DESCRIPTION OF THE TASK:
Of all the lines below, output only those starting at the one with "The rock wearing black adam t" and ending at the one with "Las bolsas de", both ends included, exactly as written.

##### PROVIDED RECORDS

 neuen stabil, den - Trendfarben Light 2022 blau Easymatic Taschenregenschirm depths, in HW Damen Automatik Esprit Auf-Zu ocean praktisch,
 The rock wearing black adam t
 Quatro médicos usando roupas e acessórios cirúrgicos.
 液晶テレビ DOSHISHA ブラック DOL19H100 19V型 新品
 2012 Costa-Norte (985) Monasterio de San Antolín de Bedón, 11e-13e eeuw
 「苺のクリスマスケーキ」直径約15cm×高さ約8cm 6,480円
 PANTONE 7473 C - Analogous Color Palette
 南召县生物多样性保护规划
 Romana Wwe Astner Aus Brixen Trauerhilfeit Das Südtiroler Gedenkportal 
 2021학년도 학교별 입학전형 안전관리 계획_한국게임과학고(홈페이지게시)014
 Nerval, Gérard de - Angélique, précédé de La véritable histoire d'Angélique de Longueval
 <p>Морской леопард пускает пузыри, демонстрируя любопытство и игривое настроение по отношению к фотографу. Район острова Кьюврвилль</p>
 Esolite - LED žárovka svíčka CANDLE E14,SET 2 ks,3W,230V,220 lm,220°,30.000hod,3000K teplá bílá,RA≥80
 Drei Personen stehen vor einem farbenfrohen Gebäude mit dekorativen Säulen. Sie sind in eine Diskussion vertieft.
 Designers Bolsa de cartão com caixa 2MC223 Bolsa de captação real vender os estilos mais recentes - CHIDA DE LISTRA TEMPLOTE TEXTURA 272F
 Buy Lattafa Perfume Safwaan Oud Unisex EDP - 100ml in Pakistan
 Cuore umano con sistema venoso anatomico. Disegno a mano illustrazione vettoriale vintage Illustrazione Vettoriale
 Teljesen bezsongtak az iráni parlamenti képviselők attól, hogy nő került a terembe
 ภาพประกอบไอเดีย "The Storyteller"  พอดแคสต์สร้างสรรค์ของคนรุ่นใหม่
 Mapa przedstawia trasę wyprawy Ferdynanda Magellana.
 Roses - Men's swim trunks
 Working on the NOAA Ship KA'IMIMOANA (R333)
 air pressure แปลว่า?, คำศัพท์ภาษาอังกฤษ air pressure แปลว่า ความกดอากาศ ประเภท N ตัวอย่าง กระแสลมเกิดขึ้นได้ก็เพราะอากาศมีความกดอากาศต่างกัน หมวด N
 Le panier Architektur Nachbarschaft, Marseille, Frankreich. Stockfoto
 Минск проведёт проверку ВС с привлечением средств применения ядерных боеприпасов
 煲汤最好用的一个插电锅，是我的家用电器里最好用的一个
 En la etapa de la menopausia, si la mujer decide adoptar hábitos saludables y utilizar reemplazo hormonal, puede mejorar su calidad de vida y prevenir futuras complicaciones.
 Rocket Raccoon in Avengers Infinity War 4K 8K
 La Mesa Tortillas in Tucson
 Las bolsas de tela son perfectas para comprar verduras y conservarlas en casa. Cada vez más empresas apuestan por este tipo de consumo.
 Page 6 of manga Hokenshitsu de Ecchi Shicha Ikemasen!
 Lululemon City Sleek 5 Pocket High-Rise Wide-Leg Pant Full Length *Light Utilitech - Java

##########

OUTPUT BELOW:
 The rock wearing black adam t
 Quatro médicos usando roupas e acessórios cirúrgicos.
 液晶テレビ DOSHISHA ブラック DOL19H100 19V型 新品
 2012 Costa-Norte (985) Monasterio de San Antolín de Bedón, 11e-13e eeuw
 「苺のクリスマスケーキ」直径約15cm×高さ約8cm 6,480円
 PANTONE 7473 C - Analogous Color Palette
 南召县生物多样性保护规划
 Romana Wwe Astner Aus Brixen Trauerhilfeit Das Südtiroler Gedenkportal 
 2021학년도 학교별 입학전형 안전관리 계획_한국게임과학고(홈페이지게시)014
 Nerval, Gérard de - Angélique, précédé de La véritable histoire d'Angélique de Longueval
 <p>Морской леопард пускает пузыри, демонстрируя любопытство и игривое настроение по отношению к фотографу. Район острова Кьюврвилль</p>
 Esolite - LED žárovka svíčka CANDLE E14,SET 2 ks,3W,230V,220 lm,220°,30.000hod,3000K teplá bílá,RA≥80
 Drei Personen stehen vor einem farbenfrohen Gebäude mit dekorativen Säulen. Sie sind in eine Diskussion vertieft.
 Designers Bolsa de cartão com caixa 2MC223 Bolsa de captação real vender os estilos mais recentes - CHIDA DE LISTRA TEMPLOTE TEXTURA 272F
 Buy Lattafa Perfume Safwaan Oud Unisex EDP - 100ml in Pakistan
 Cuore umano con sistema venoso anatomico. Disegno a mano illustrazione vettoriale vintage Illustrazione Vettoriale
 Teljesen bezsongtak az iráni parlamenti képviselők attól, hogy nő került a terembe
 ภาพประกอบไอเดีย "The Storyteller"  พอดแคสต์สร้างสรรค์ของคนรุ่นใหม่
 Mapa przedstawia trasę wyprawy Ferdynanda Magellana.
 Roses - Men's swim trunks
 Working on the NOAA Ship KA'IMIMOANA (R333)
 air pressure แปลว่า?, คำศัพท์ภาษาอังกฤษ air pressure แปลว่า ความกดอากาศ ประเภท N ตัวอย่าง กระแสลมเกิดขึ้นได้ก็เพราะอากาศมีความกดอากาศต่างกัน หมวด N
 Le panier Architektur Nachbarschaft, Marseille, Frankreich. Stockfoto
 Минск проведёт проверку ВС с привлечением средств применения ядерных боеприпасов
 煲汤最好用的一个插电锅，是我的家用电器里最好用的一个
 En la etapa de la menopausia, si la mujer decide adoptar hábitos saludables y utilizar reemplazo hormonal, puede mejorar su calidad de vida y prevenir futuras complicaciones.
 Rocket Raccoon in Avengers Infinity War 4K 8K
 La Mesa Tortillas in Tucson
 Las bolsas de tela son perfectas para comprar verduras y conservarlas en casa. Cada vez más empresas apuestan por este tipo de consumo.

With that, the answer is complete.